Despite the widespread use of the term semantic web, it does not yet exist except in isolated environments, primarily in research labs. In the World Wide Web Consortium (W3C) Semantic Web Activity Statement, we are told that

   the Semantic Web is a vision: the idea of
   having data on the Web defined and
   linked in a way that it can be used by machines
   not just for display purposes, but
   for automation, integration and reuse of
   data across various applications (emphasis
   mine). (2)

As envisioned by Tim Berners-Lee:

   the Semantic Web is an extension of the
   current Web in which information is given
   well-defined meaning, better enabling
   computers and people to work in cooperation
   (Berners-Lee, Hendler, and Lassila
   2001, p. 35) (emphasis mine).

   [S]omething has semantics when it can
   be 'processed and understood by a computer,'
   such as how a bill can be processed
   by a package such as QUICKEN (Trippe
   2001, p. 1).

There is no widespread agreement on exactly what the semantic web is for or exactly what it is. Some good ideas about what the semantic web will be used for have emerged from the W3C effort to define a standard ontology language. (3) From the previous descriptions, there is clear emphasis on the information content of the web as machine usable and associated with more meaning.

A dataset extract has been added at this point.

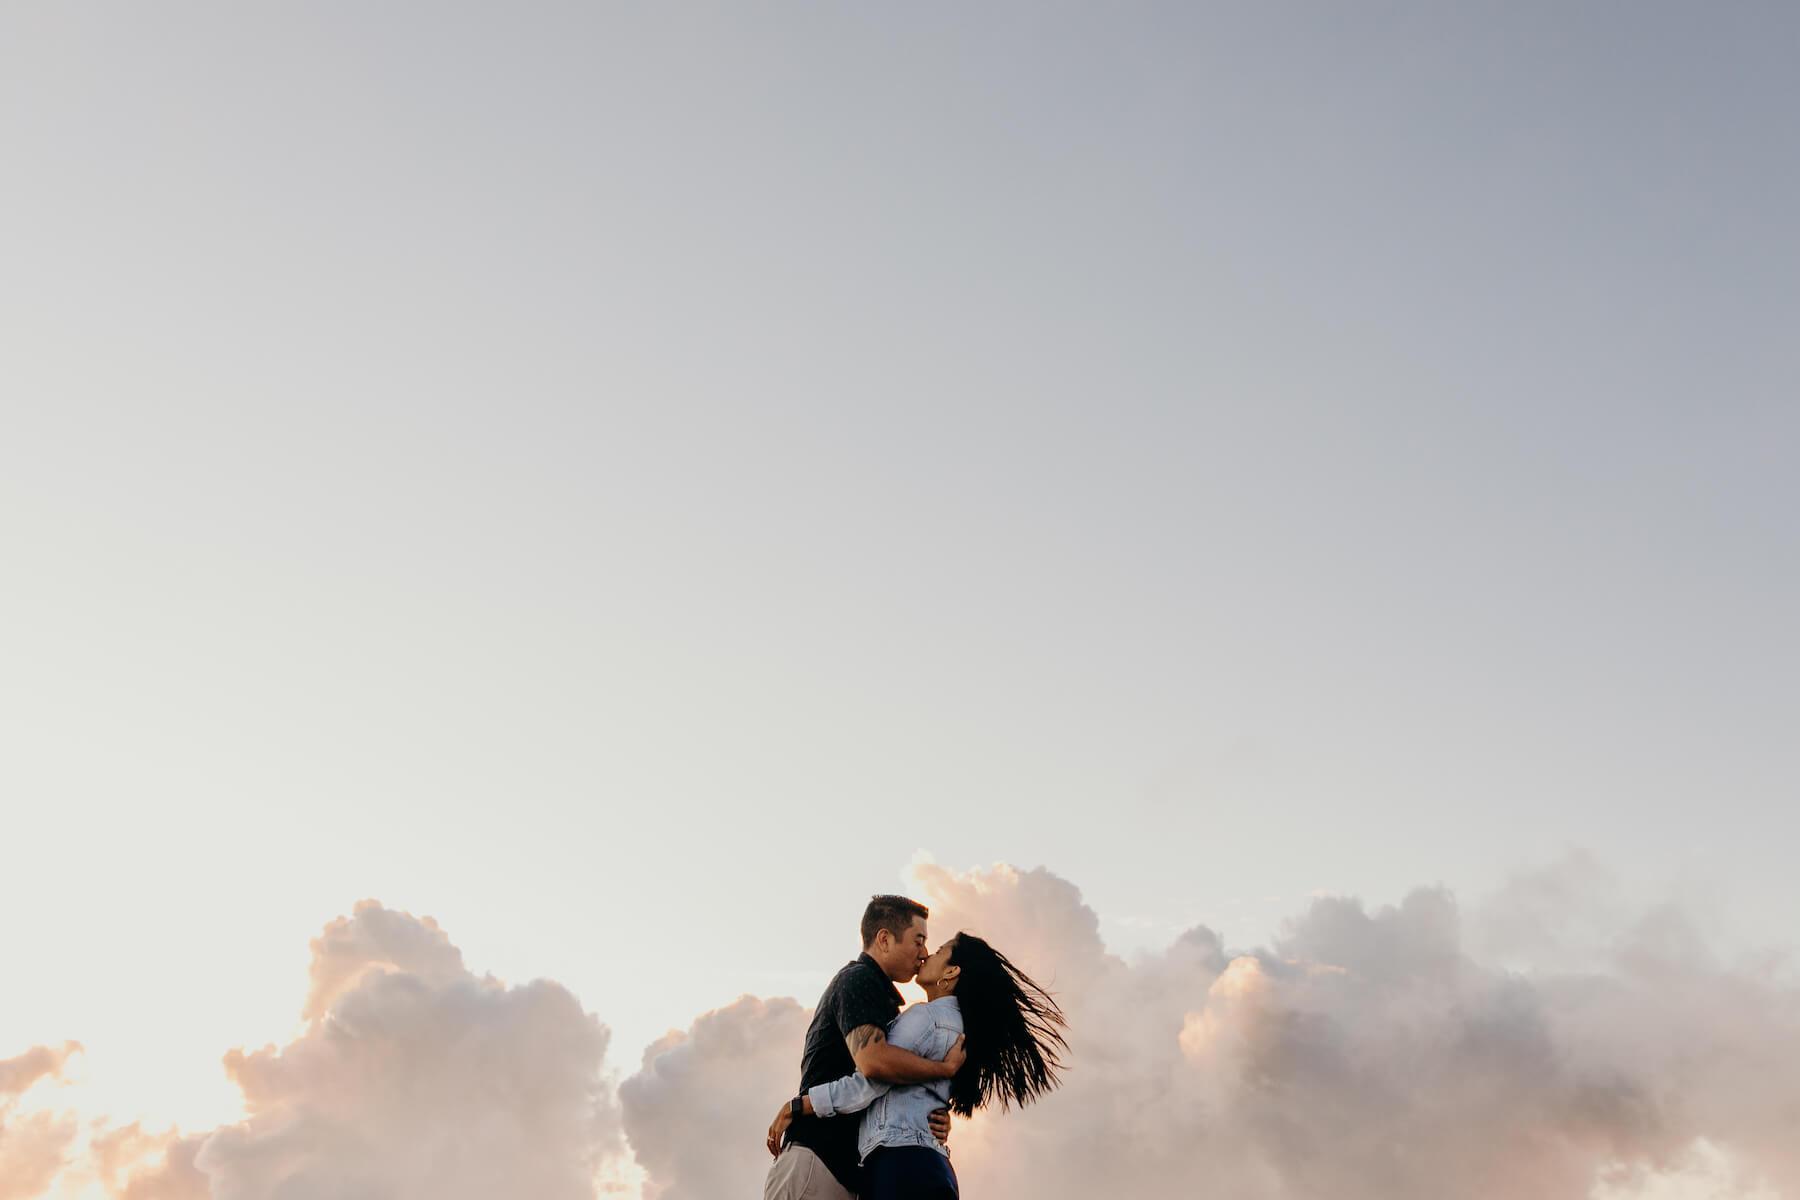 maui-11-09-2019-proposal-41_original

Note that machine refers to computers (or computer programs) that perform tasks on the web. These programs are commonly referred to as software agents, or softbots, and are found in web applications.

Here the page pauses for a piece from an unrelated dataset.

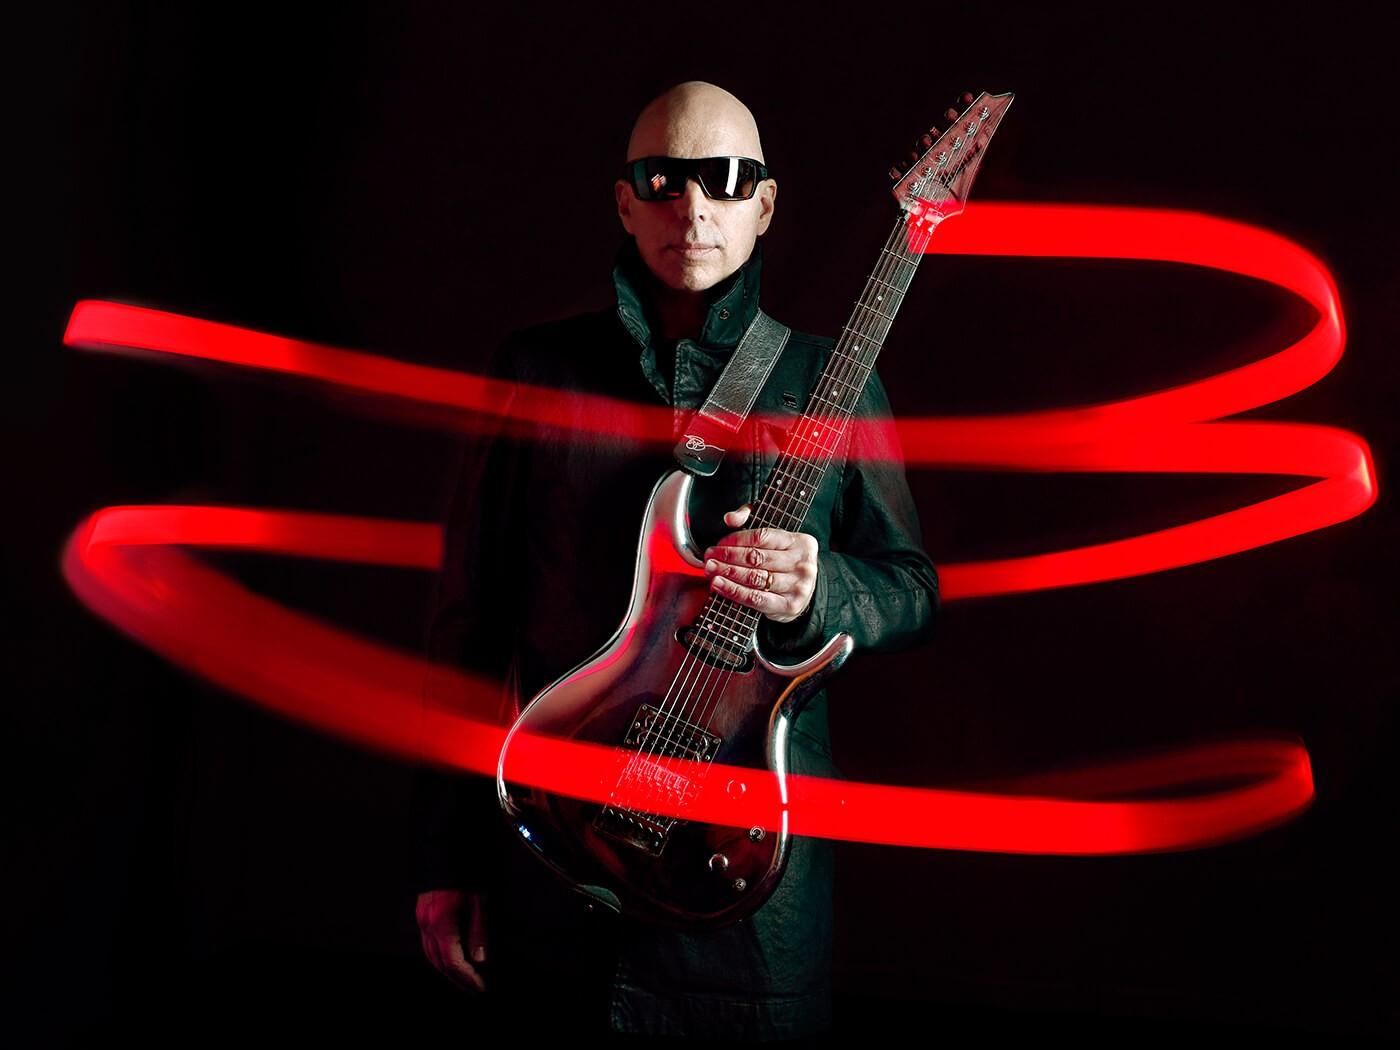 Факты, слухи, домыслы о Joe Satriani

Machine-usable content presumes that the machine knows what to do with information on the web. For this to happen, the machine reads and processes a machine-sensible specification of the semantics of the information. This approach is robust and very challenging and largely beyond the current state of the art. A much simpler alternative is for the human web application developers to hardwire the knowledge into the software so that when the machine runs the software, it does the correct thing with the information. In this second situation, machines already use information on the web. There are electronic broker agents in routine use that make use of the meaning associated with web content words, such as price, weight, destination, and airport. Armed with a built-in understanding of these terms, these so-called shopping agents automatically peruse the web to find sites with the lowest price for a book or the lowest airfare between two given cities. Thus, we still lack an adequate characterization of what distinguishes the future semantic web from what exists today.

Because the RESOURCE DESCRIPTION FRAMEWORK) (RDF) is hailed by the W3C as a semantic web language, (4) some people seem to have the view that if an application uses RDF, then it is a semantic web application. This is reminiscent of the "if it is programmed in Lisp or Prolog, then it must be AI" sentiment that was sometimes evident in the early days of AI. …